There is no dispute as to the presence of the first two requisites in the case of the VFA. The
concurrence handed by the Senate through Resolution No. 18 is in accordance with the provisions of
the Constitution . . . the provision in [in §25, Article XVIII] requiring ratification by a majority of the votes
cast in a national referendum being unnecessary since Congress has not required it.

xxx xxx xxx

This Court is of the firm view that the phrase “recognized as a treaty” means that the other
contracting party accepts or acknowledges the agreement as a treaty. To require the other
contracting state, the United States of America in this case, to submit the VFA to the United States
Senate for concurrence pursuant to its Constitution, is to accord strict meaning to the phrase.
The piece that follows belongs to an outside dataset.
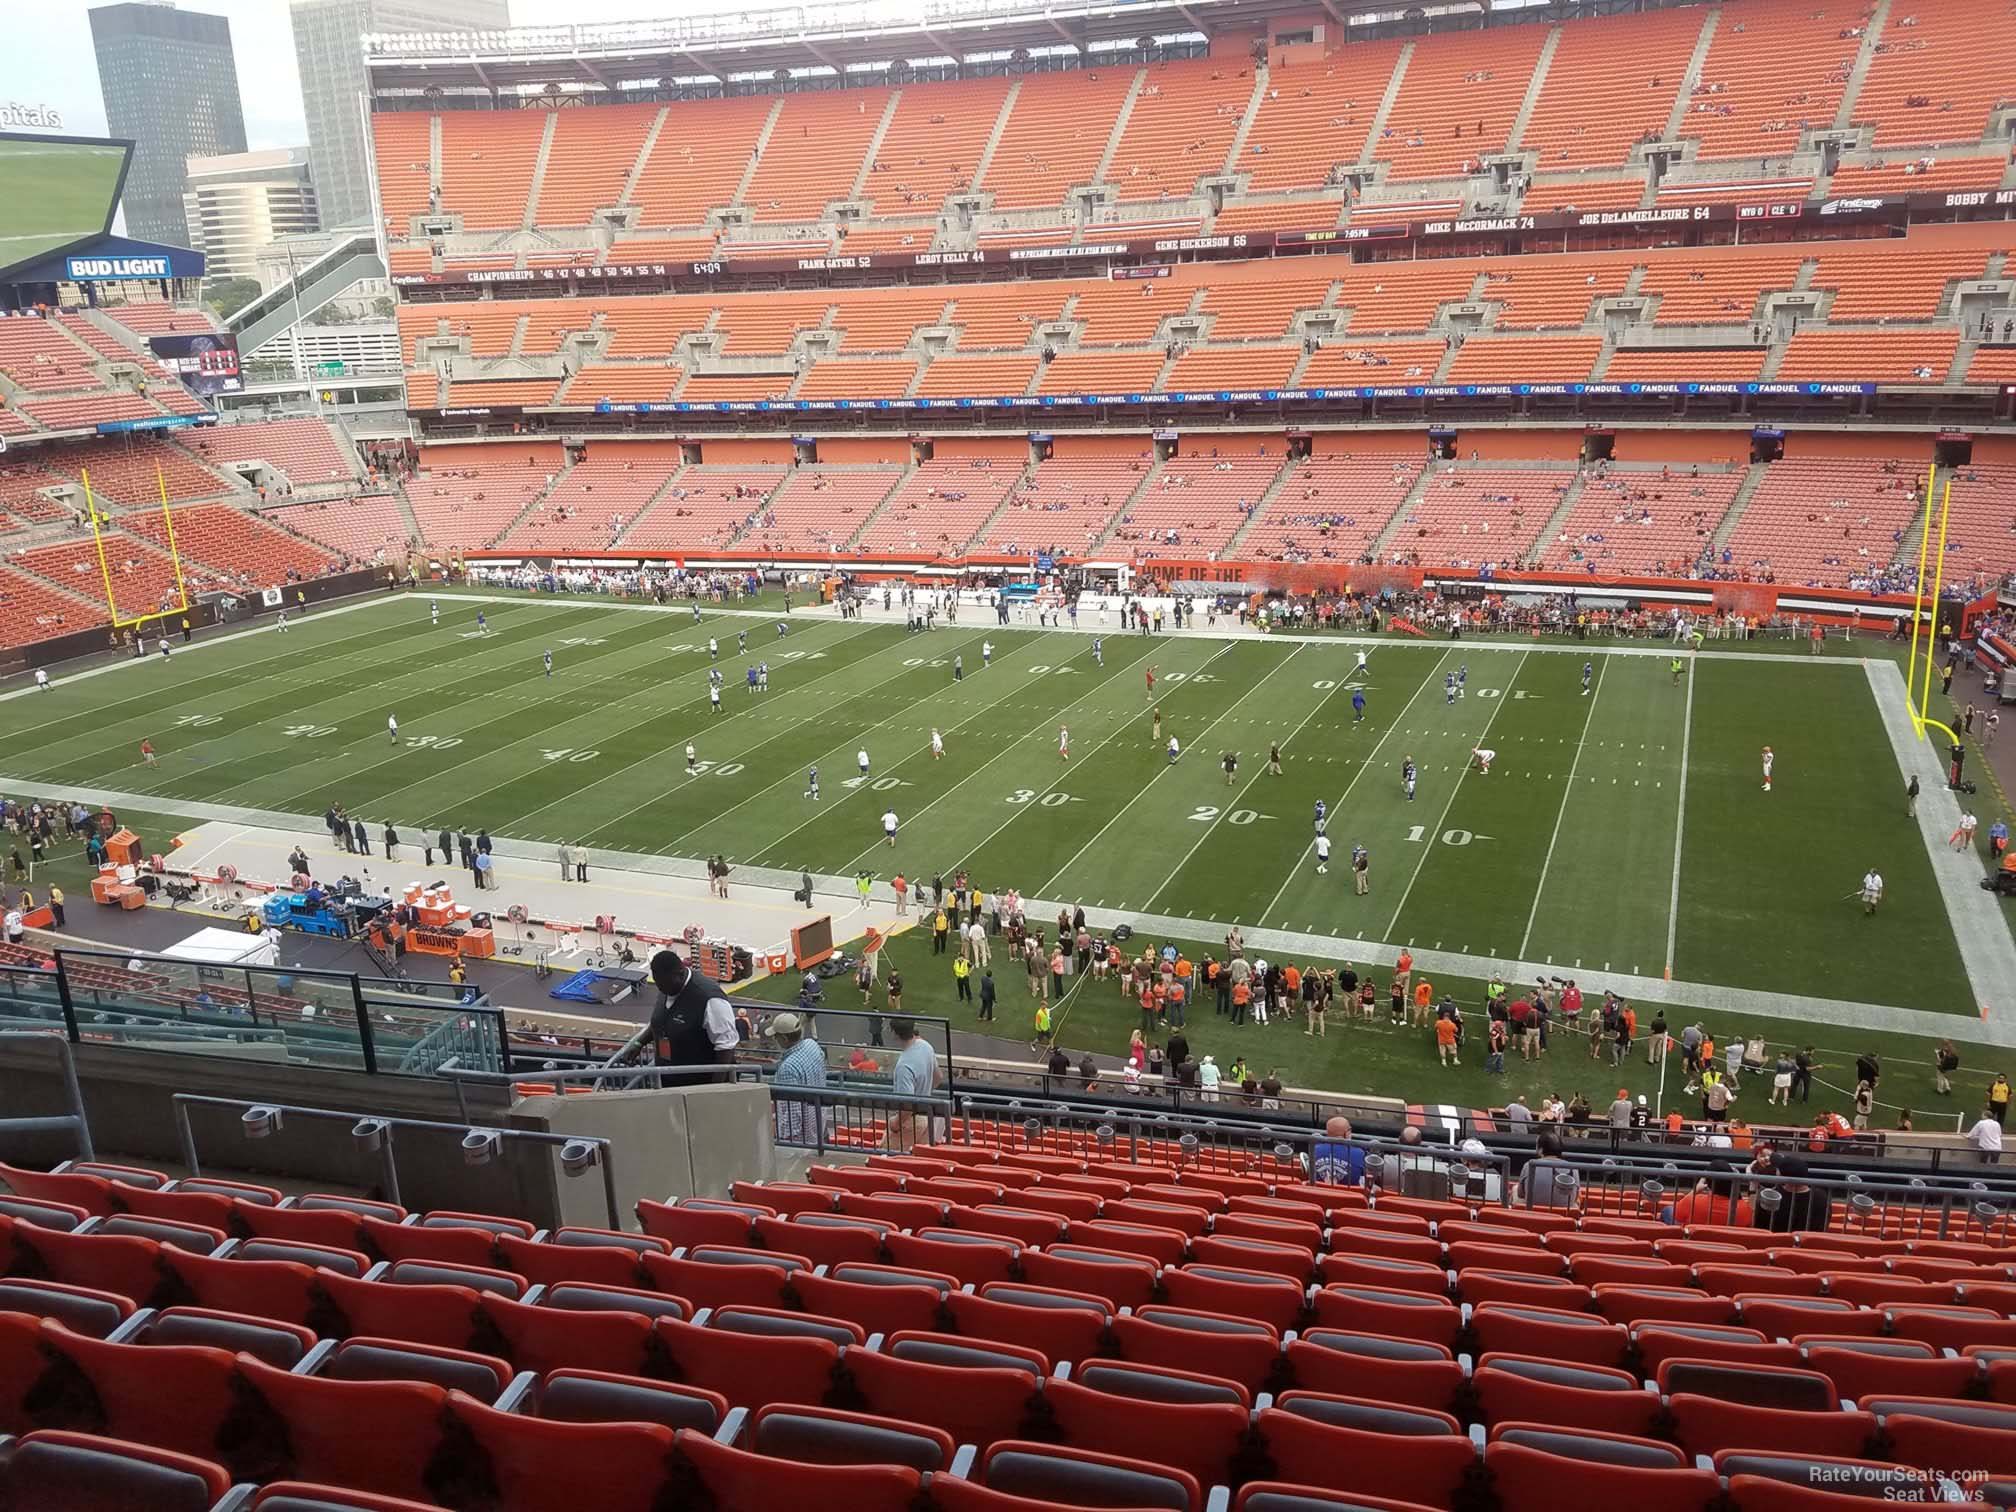 section 337, row 18 seat view  - cleveland browns stadium

Well-entrenched is the principle that the words used in the Constitution are to be given their
ordinary meaning except where technical terms are employed, in which case the significance thus
attached to them prevails. Its language should be understood in the sense they have in common use.

Moreover, it is inconsequential whether the United States treats the VFA only as an executive
agreement because, under international law, an executive agreement is as binding as a treaty. To be
sure, as long as the VFA possesses the elements of an agreement under international law, the said
agreement is to be taken equally as a treaty.

xxx xxx xxx

The records reveal that the United States Government, through Ambassador Thomas C.
Hubbard, has stated that the United States government has fully committed to living up to the terms
of the VFA. For as long as the United States of America accepts or acknowledges the VFA as a treaty,
and binds itself further to comply with its obligations under the treaty, there is indeed marked
compliance with the mandate of the Constitution.